Daily Codewars #25

Question

codewars link (opens new window) Complete the solution so that it returns the number of times the search_text is found within the full_text.

searchSubstr( fullText, searchText, allowOverlap = true )

so that overlapping solutions are (not) counted.
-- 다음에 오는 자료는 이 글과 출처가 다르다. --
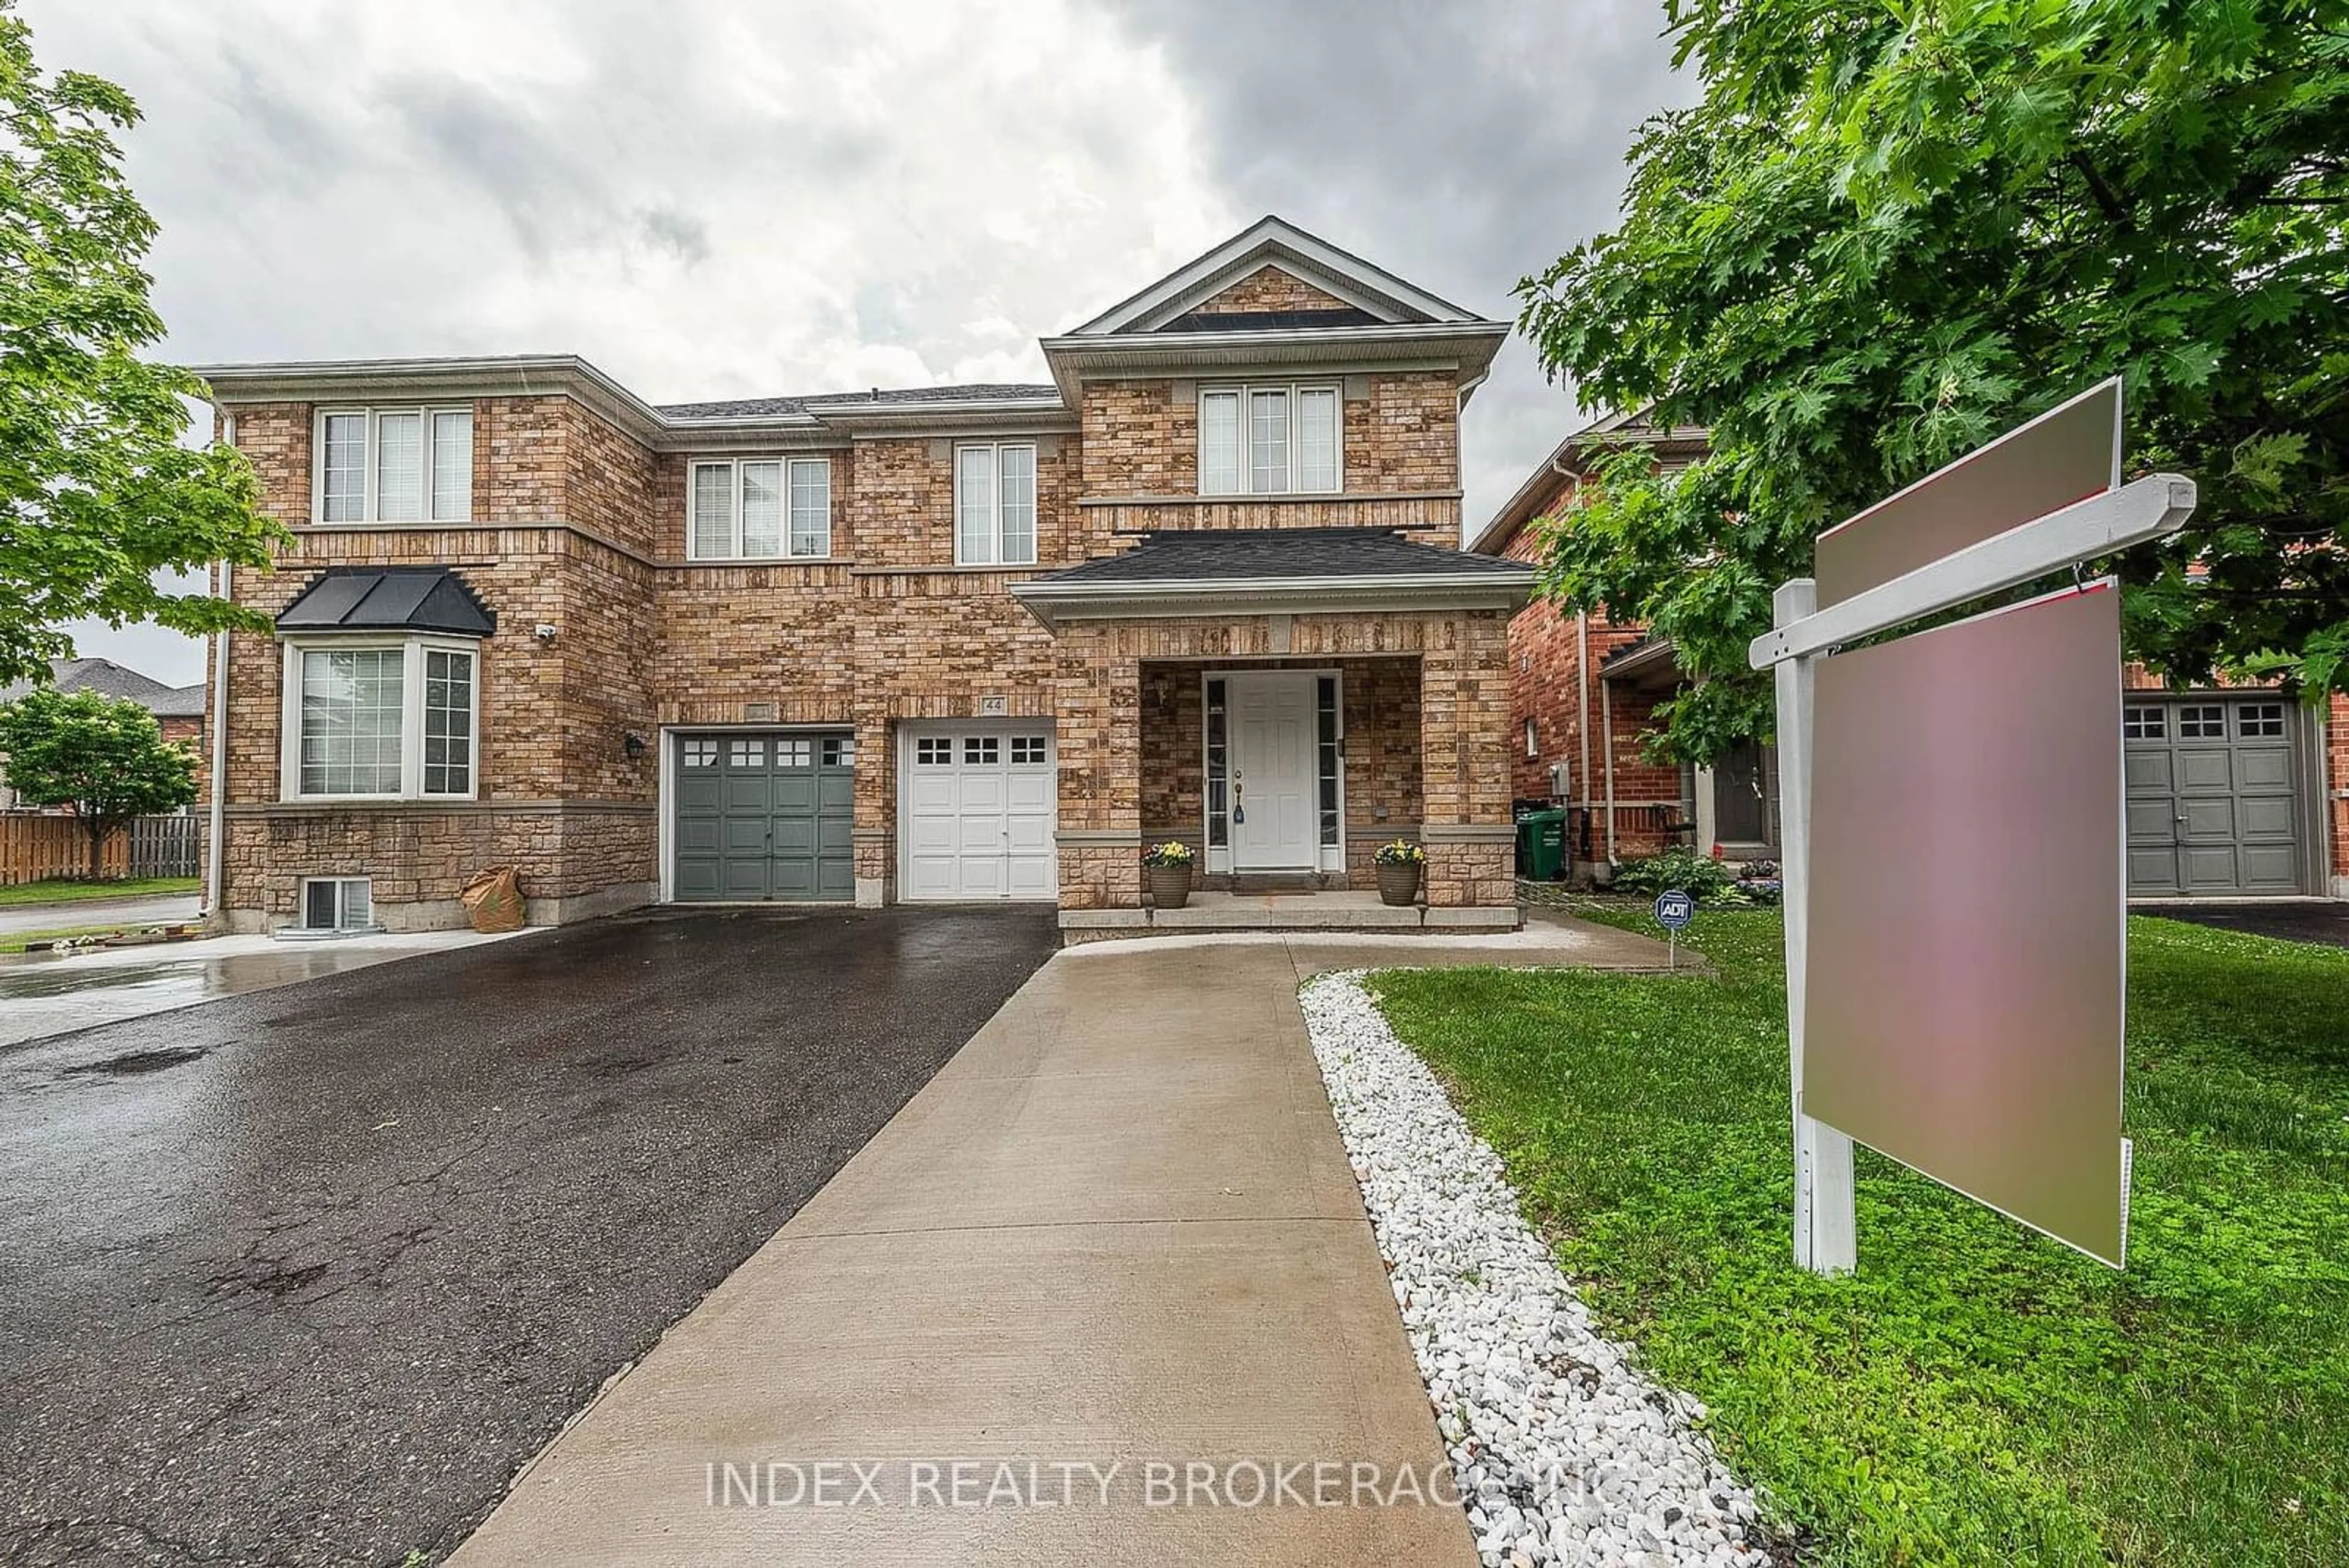 Home with brick exterior material for 44 Silver Egret Rd, Brampton Ontario L7A 3P6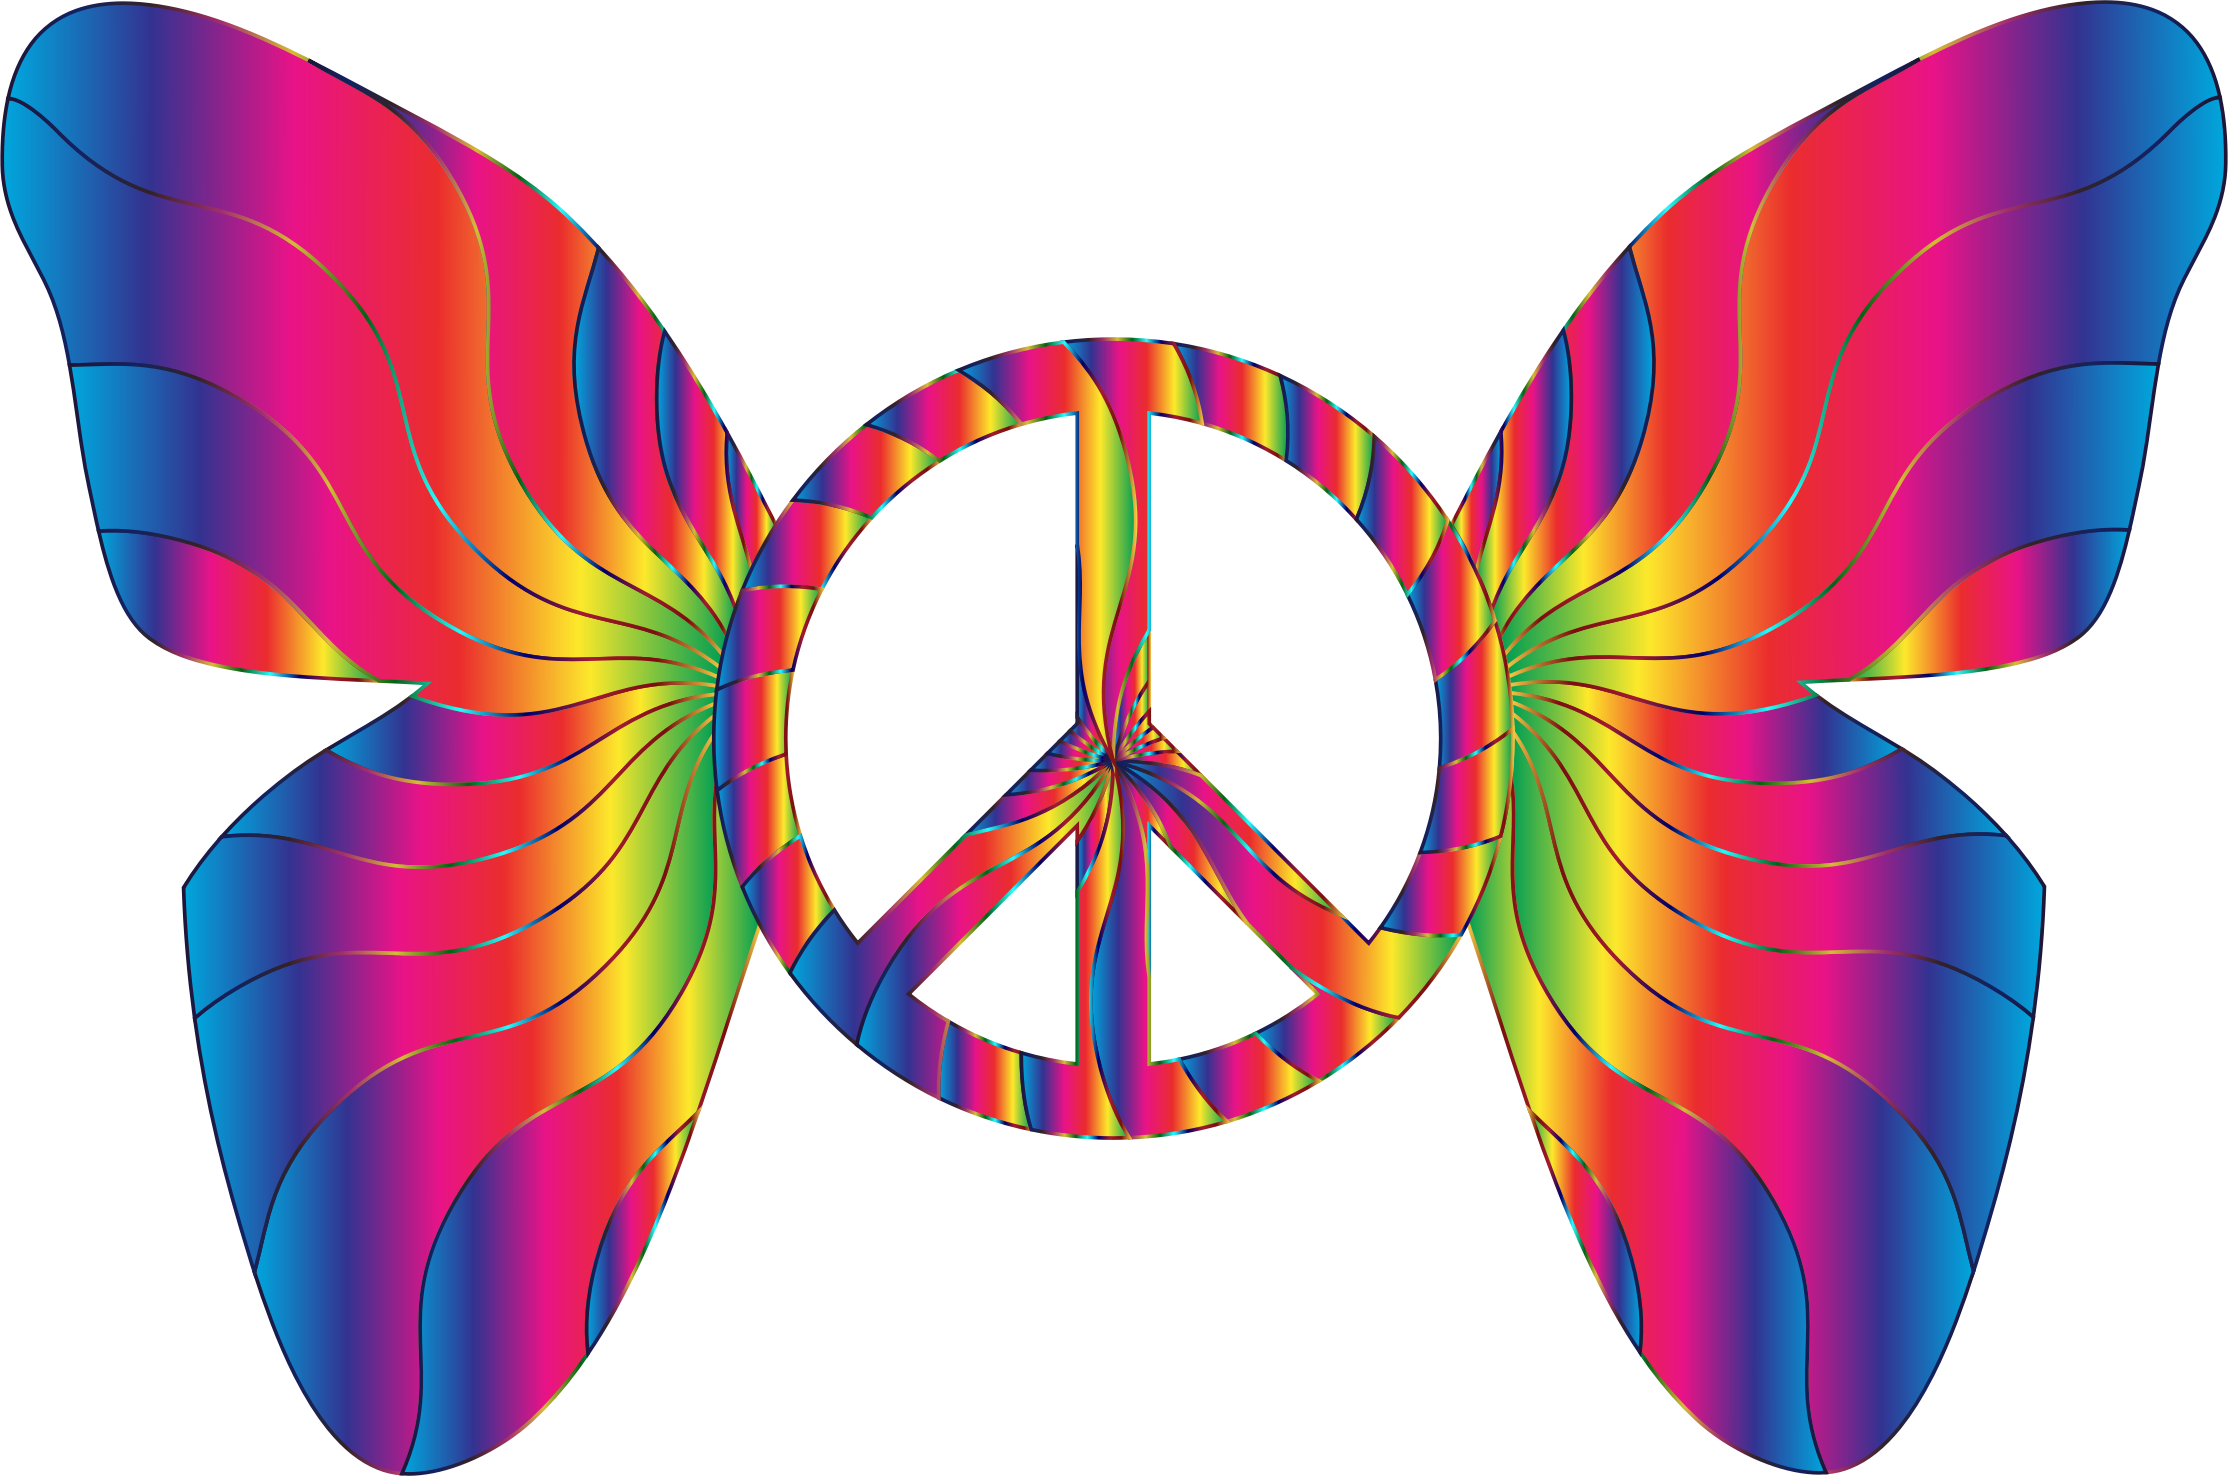 peace-sign-images-free-download-on-clipartmag

If the searchText is empty, it should return "0". Usage examples:

searchSubstr('aa_bb_cc_dd_bb_e', 'bb') # should return 2 since bb shows up twice
searchSubstr('aaabbbcccc', 'bbb') # should return 1
searchSubstr( 'aaa', 'aa' ) # should return 2
searchSubstr( 'aaa', '' ) # should return 0
searchSubstr( 'aaa', 'aa', false ) # should return 1

My Solution

function searchSubstr(fullText, searchText, allowOverlap ){
  var count=0, sIdx=0;
  for(i in fullText){
    var cIdx = fullText.indexOf(searchText, sIdx);
    sIdx = allowOverlap==false? cIdx+searchText.length+1 : cIdx+1;
    if(cIdx<0) return count;
    count++;
  }
  return 0;
}

최대로 fullText.length만큼 for를 돈다. 거기서 allowOverlap에 따라 String.indexOf의 두번째 인자에 시작위치를 바꿔줘가며 돌린다.

@Azuaron's Solution

function searchSubstr(fullText, searchText, allowOverlap) {
  if(searchText == '') return 0;
  var re = new RegExp(searchText, 'g');
  if(allowOverlap) {
    var count = 0;
    while(re.exec(fullText)) {count++; re.lastIndex -= searchText.length - 1;}
    return count;
  } else return (fullText.match(re) || []).length || 0;
}

false일땐 일단 정규표현식으로 간단히 리턴하고, true면 re.lastIndex -= searchText.length - 1로 lastIndex를 바꿔준다.

@kumorig's Solution

function searchSubstr( t, s, o ){
  return(t.length===0||s.length===0)?0:t.match(new RegExp((o||(o==undefined))?"(?=("+s+"))":t,"g")).length; 
}

헤헤...정규식...이전 회사에 다녔던 분 이름인 정규식...